No! I thought, confused. I had changed things! We had talked to Tammy! This couldn’t be the future, could it? Was there going to be a happy ending to this? There had to be. But the flash forward said otherwise, and by the lack of any blue haze, it looked like it was going to be tonight, not tomorrow. Damn it, I’d made things worse, not better.
“Johnny!” I cried again, crawling to his door. I found it, reaching up to turn the knob and push the door open. A wave of sound rushed out over my head, and I cowered in the sudden heat.
“Tammy!” I heard him call, and I crawled forward, scared out of my mind. I could smell things burning, and my mind walled the horror away. Everything. Everything was on fire.
And then I found him.
He was blind with terror, but at my touch, he grasped me, and we clung together as the ceiling above us turned into a beautiful, rolling orange and red. It was mesmerizing, even as my eyelashes singed and my nose burned inside.
“Tammy, I’m scared,” Johnny whispered, coughing, and I held him. It was too late. We couldn’t get out. Crying, I rocked him, our backs to the wall beside his bed.
“I’m here,” I whispered, Tammy’s last breath rasping as our twined thoughts were voiced by her alone. “You’re not alone. I’ve got you.”
And then we looked up as a roaring sound of heat sucked a new breath of air into the room an instant before the ceiling gave way. Everything flashed red—
I jumped, feeling as if someone had slapped me. Terrified, my eyes sprang open.
“Barnabas!” I cried. He was crouched before me, his eyes intent. It was over. But what had happened? The memory of my heart was thudding after having been inside Tammy, and slowly it beat one last time and stopped. Her terror took longer to leave me, and I sat there clutching my cooling amulet as Nakita and Josh clustered around me in concern.
“You came back,” I said, thinking it sounded lame, and Barnabas shifted a few inches away. Standing, he extended his hand and pulled me, wobbling, to my feet.
The humid air of the Laundromat seemed cool. Tears were dribbling from me. I slowly leaned back against the thumping dryer, my arms wrapped around myself as I started to shake, the tears steadily slipping from me. It was awful. So awful.
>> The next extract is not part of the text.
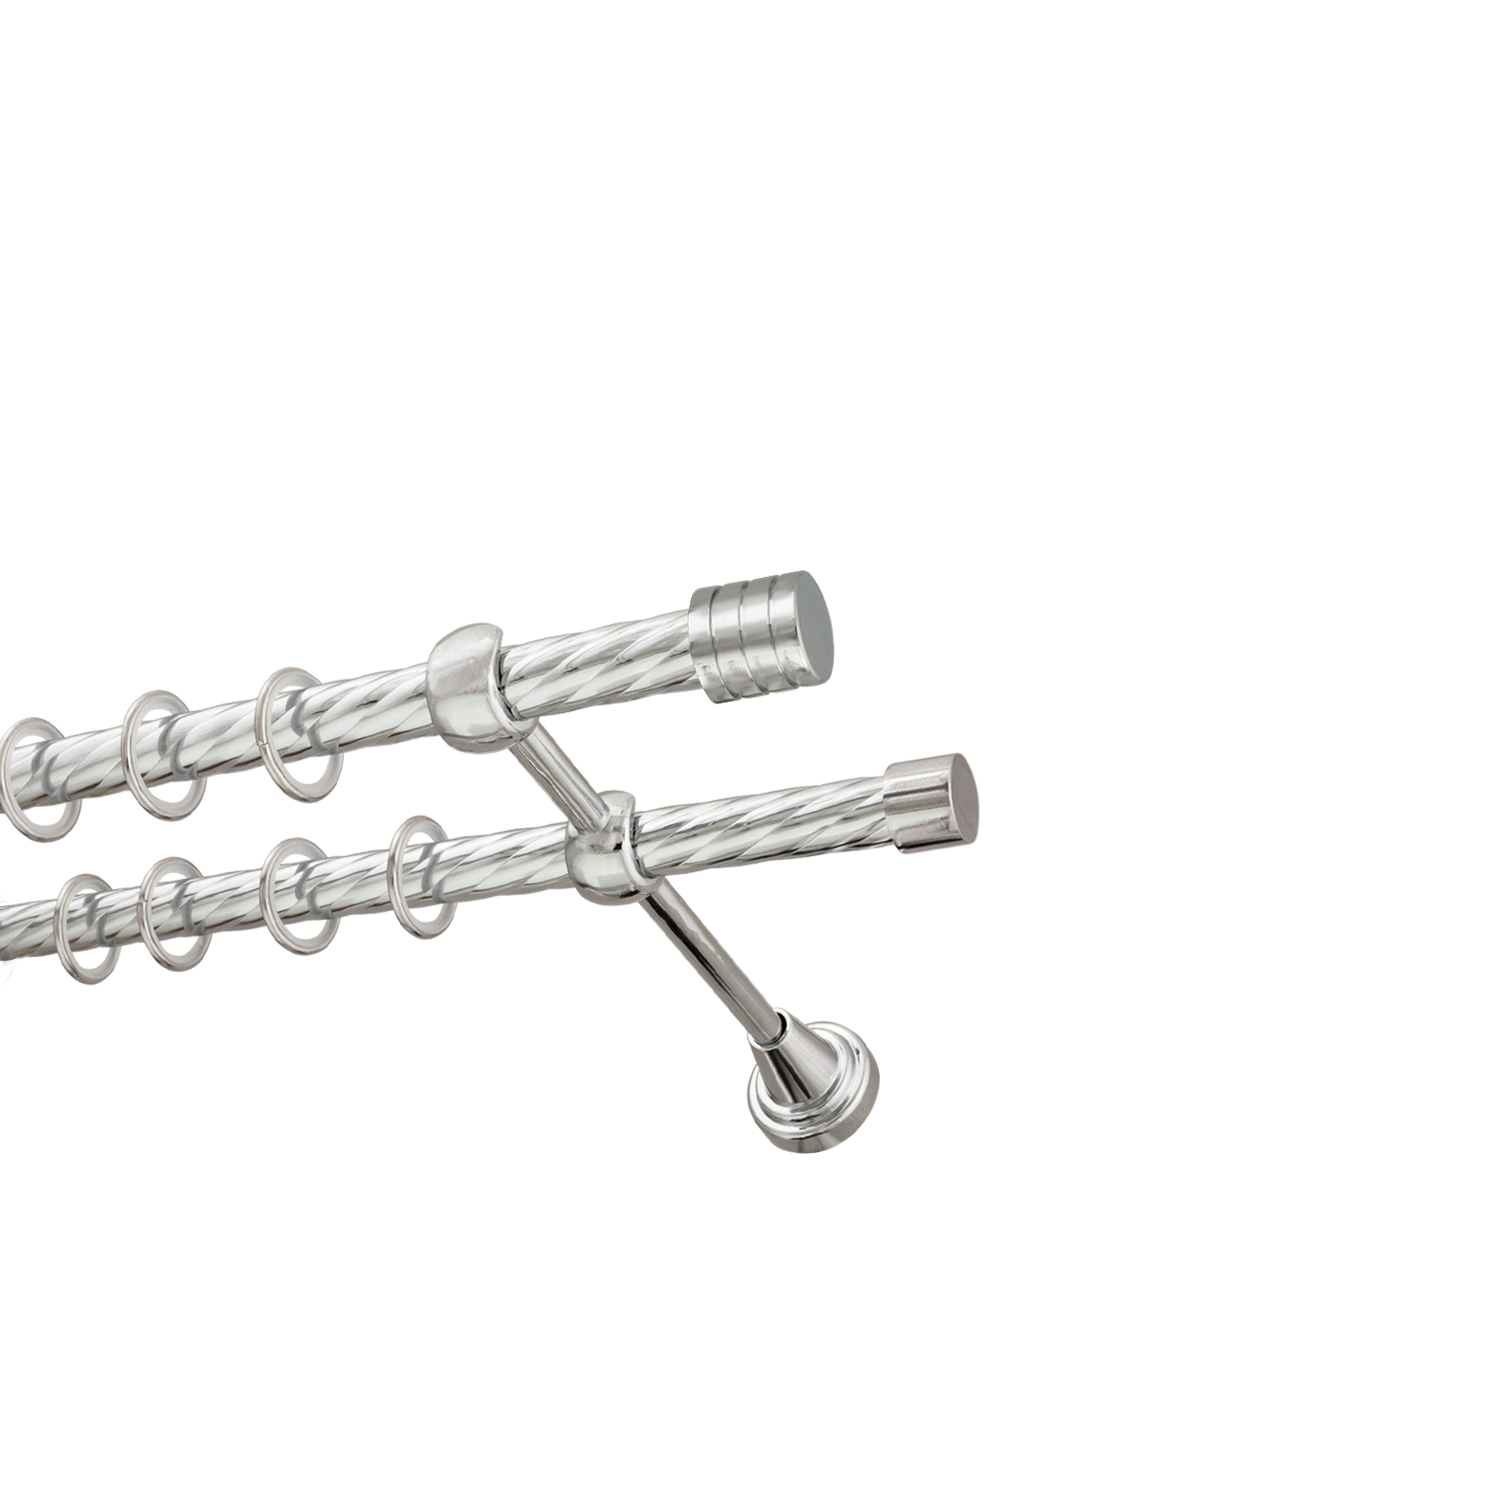 Металлический карниз для штор Подиум, двухрядный 16/16 мм, серебро, витая штанга, длина 300 см

“What happened?” Josh asked, but I couldn’t talk. Not yet. They had died. Both of them. This was so unfair. Johnny and Tammy had died with grace, supporting each other in a way that was beautiful and showed the best of a human soul, but they had died. It wasn’t what I had wanted. Her soul might be saved, but it was the end of her life that had bought its purity.
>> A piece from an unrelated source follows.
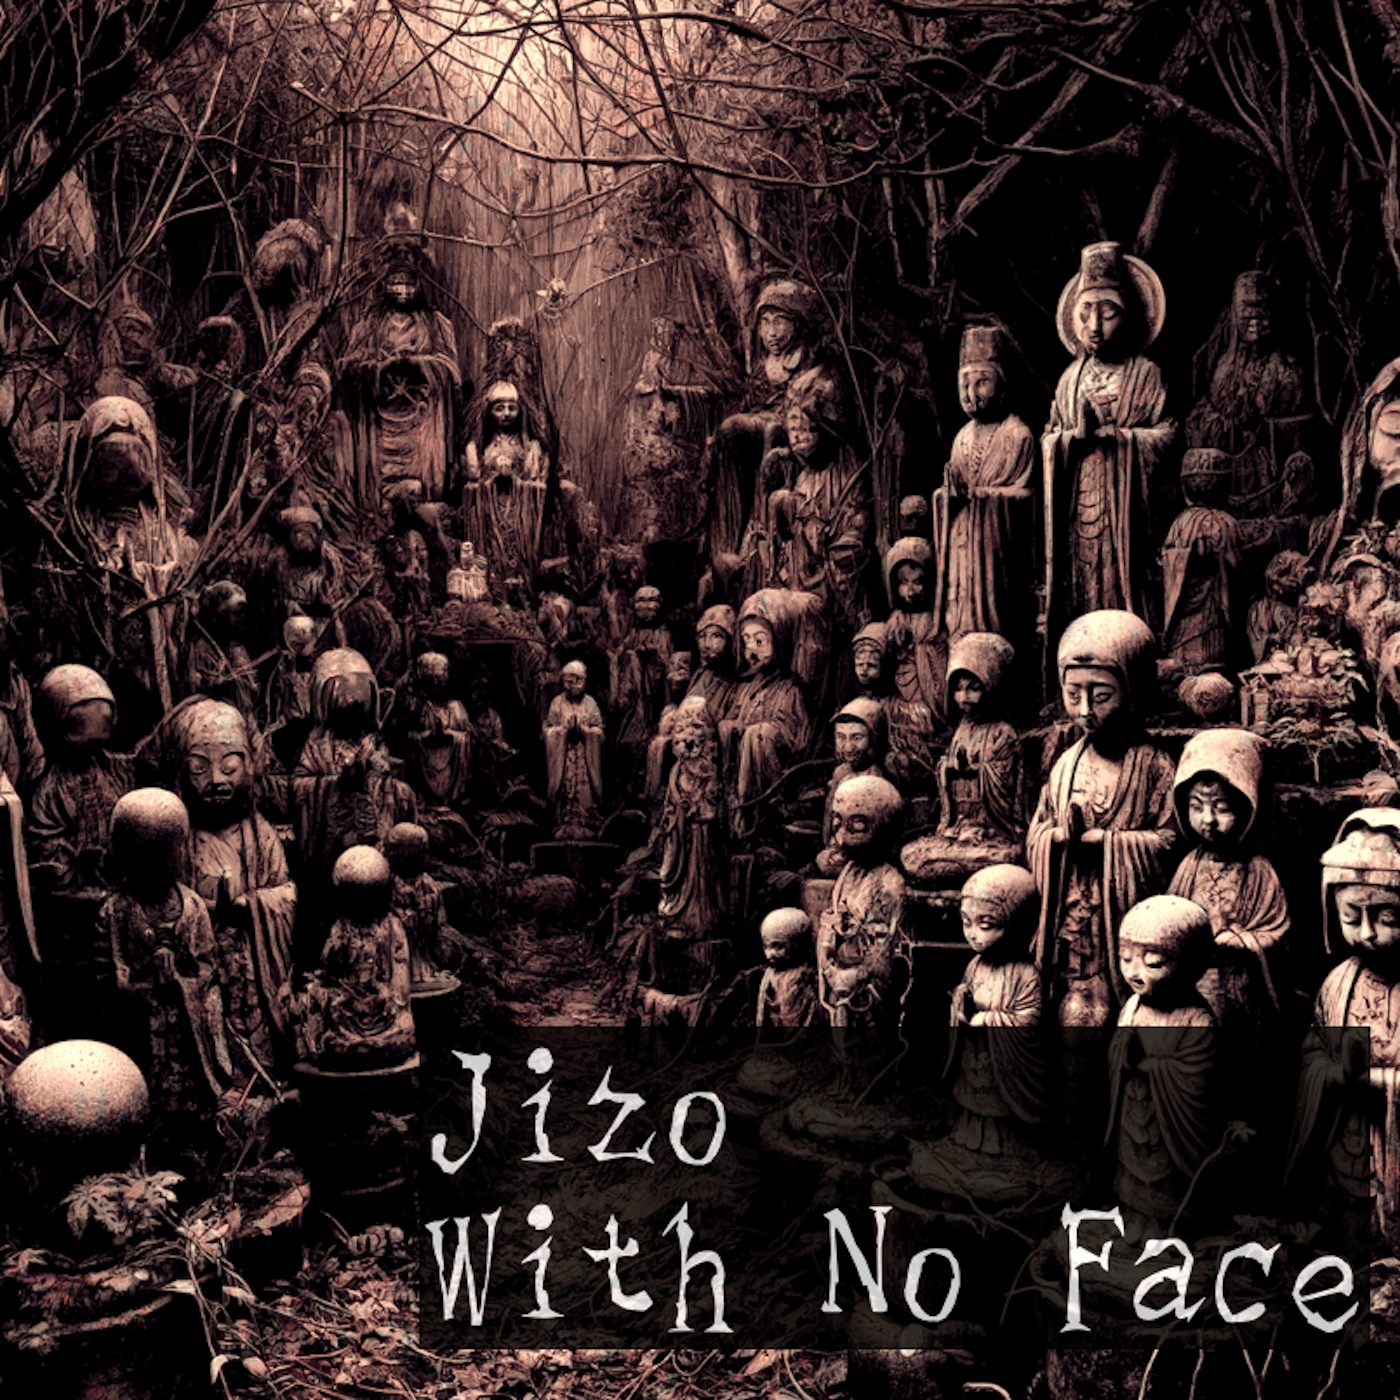 ep17_jizo_with_no_face

“Something changed?” Nakita asked, but by her tone of voice, she knew it wasn’t good.
I looked past them at the empty Laundromat as if it was a dream and would flake into nothing and return me to that hell of existence, the fear, the hopelessness, the love for her brother giving Tammy something to believe in. “They both die,” I whispered.
“In a state of grace,” Barnabas finished for me, his brow furrowed.
Josh rocked back, looking worried. I would never tell him of the horror I’d just lived through. “I didn’t save Tammy’s or Johnny’s life,” I said. “All I did was make it so a reaper didn’t have to come out here and scythe her early. God, this sucks!” Depressed, I closed my eyes and wiped a tear away. I couldn’t do this. It was too much. It hurt too much when things went wrong.
“We have to do something,” Nakita said, and my eyes opened. She was standing over the table, her lips pressed in determination. “Now,” she said firmly. “We have to go now.”
“But her soul is safe,” I said, wanting to do just that but surprised that Nakita did, too. “Why do you care?”
Her hand on the door, Nakita paused, looking at me to make me shiver. “Her soul may be safe, but mine is troubled.”